Albany, N.Y.—The State Senate Wednesday approved legislation co-sponsored by Senator Tom O’Mara (R,C,I-Big Flats), a member of the Senate Task Force on Heroin and Opioid Addiction, that takes aim at heroin and opioid traffickers and dealers.
The legislation (S2761) would allow law enforcement to charge a drug dealer with homicide, a class A-1 felony carrying a penalty of 15-25 years in prison, if a person dies of an overdose of heroin or other opiate-controlled substance sold by that dealer. The measure targets mid- to high- level drug suppliers who profit from heroin sales.
“Awareness and education, prevention and treatment are fundamental responses. But so are tough laws and law enforcement, especially when it comes to heroin and opioid traffickers and dealers. I agree that we can’t arrest our way out of this crisis, but we shouldn’t hesitate to throw the book at the pushers and suppliers of deadly drugs,” said O’Mara.
Wednesday’s action is part of an ongoing series of legislative measures the Senate has advanced to continually strengthen the state’s response to the heroin and opioid epidemic spreading throughout the Southern Tier and Finger Lakes regions, and statewide. It seeks to build on existing state-level laws, programs and services enacted over the past several years to strengthen awareness and education, prevention, and treatment and recovery efforts.
The Senate created its heroin task force in 2014 at a time when local police departments and addiction centers, including many across the Southern Tier and Finger Lakes regions, were pointing to the alarming rise in the availability and use of heroin. O’Mara has sponsored task force hearings at Elmira College and the Penn Yan High School.

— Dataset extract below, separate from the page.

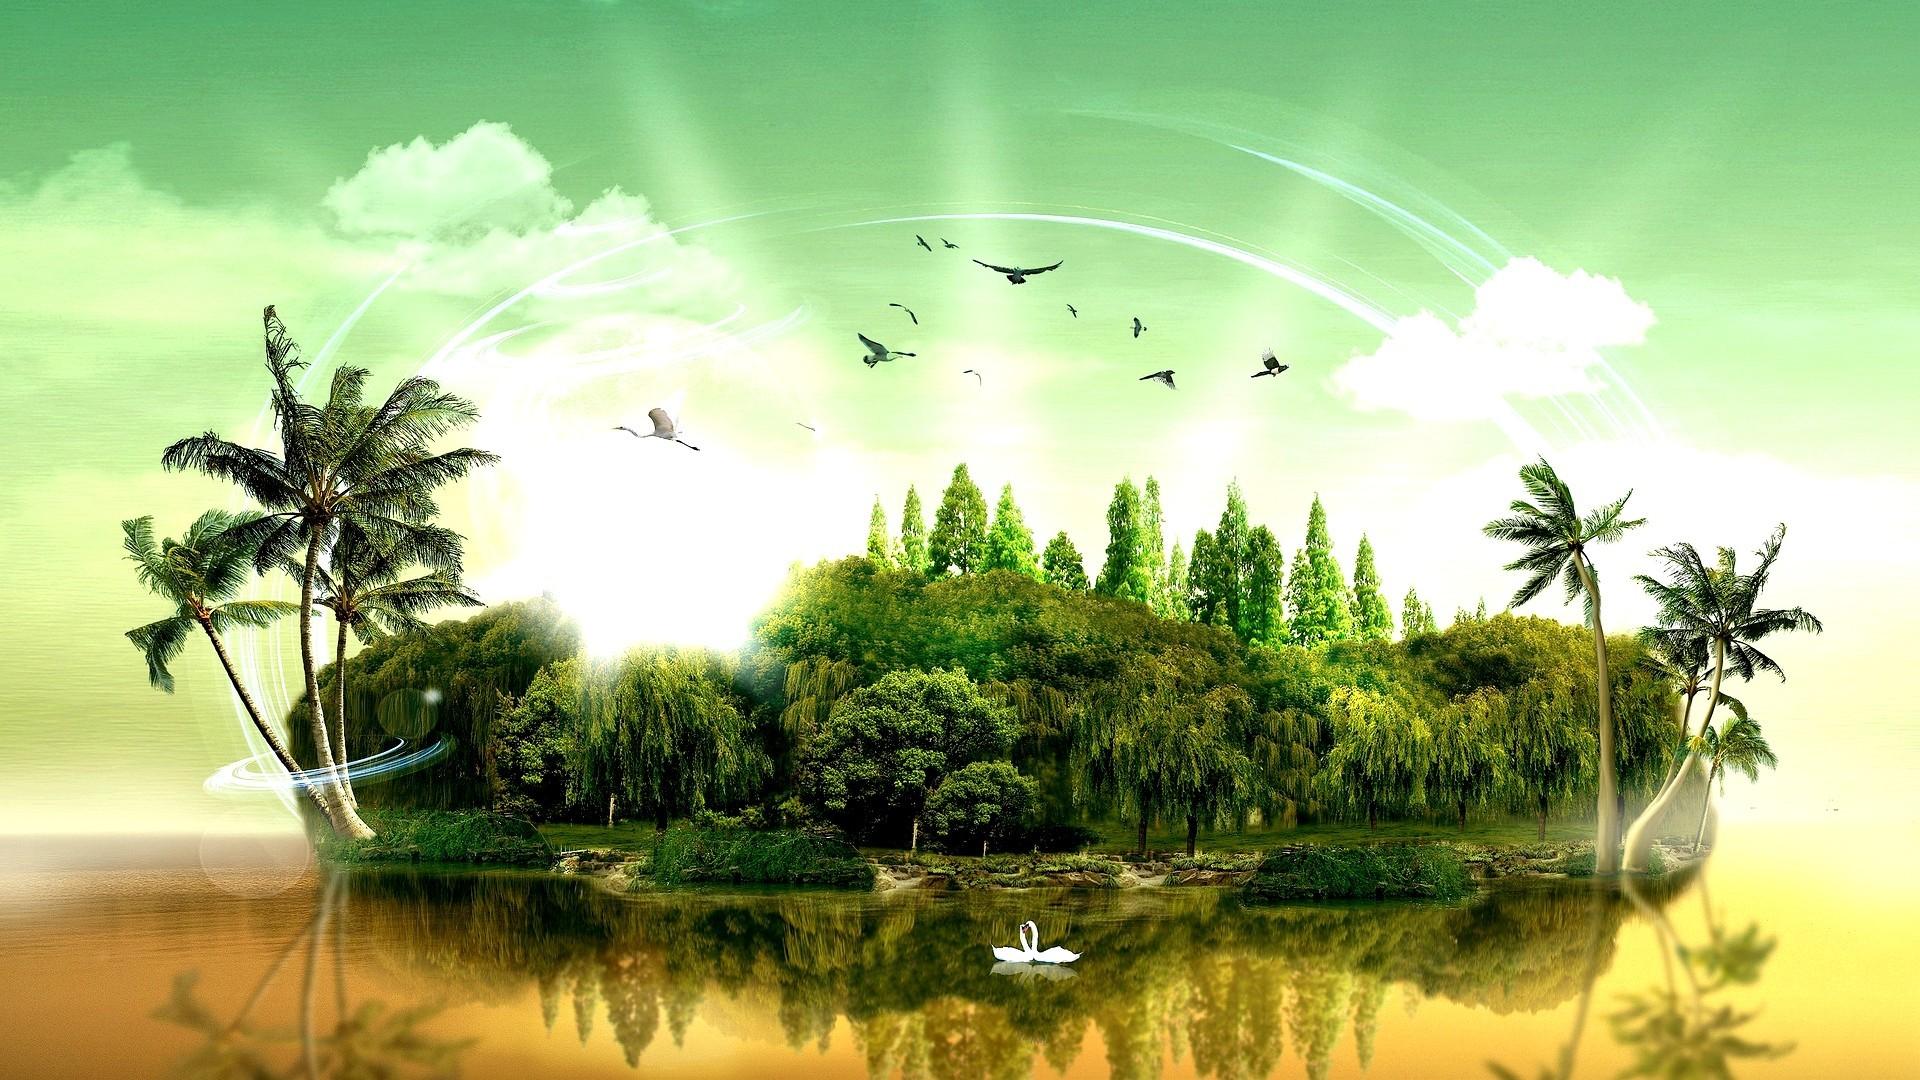 fantasy island palm trees desktop wallpaper | ololoshenka | Pinterest |  Fantasy island, Palm and Wallpaper

He said that since 2014, while the work of the task force has helped enact important new state-level laws and other responses, the heroin and opioid crisis has grown increasingly urgent. Consequently, task force members are continuing to develop legislative recommendations for preventing the drug’s spread and treating those addicted.

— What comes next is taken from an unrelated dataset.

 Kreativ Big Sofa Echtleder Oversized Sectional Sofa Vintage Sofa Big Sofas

O’Mara credits the local input senators have received at the forums for driving increased state funding and new laws over the past four years. The task force has heard testimony from regional law enforcement officers, treatment professionals, recovering addicts and family members, social services and mental health professionals, and other experts about the range of complex challenges posed by heroin including addiction prevention and treatment options, awareness and education, drug-related crimes, and other community and public safety impacts.
O’Mara said, “This ongoing input from those on the front lines locally have targeted the necessary responses. We need to keep working, at every level of government, to keep our laws, programs and services ahead of this public health crisis. We can’t let up for one second on the alarming threat of heroin, opioids, meth, synthetic substances, bath salts and other illegal drugs spreading throughout our communities. In particular, the growing heroin crisis is far too great a risk to spiral out of control and overwhelm individual lives along with local systems of health care, law enforcement, criminal justice and social services.”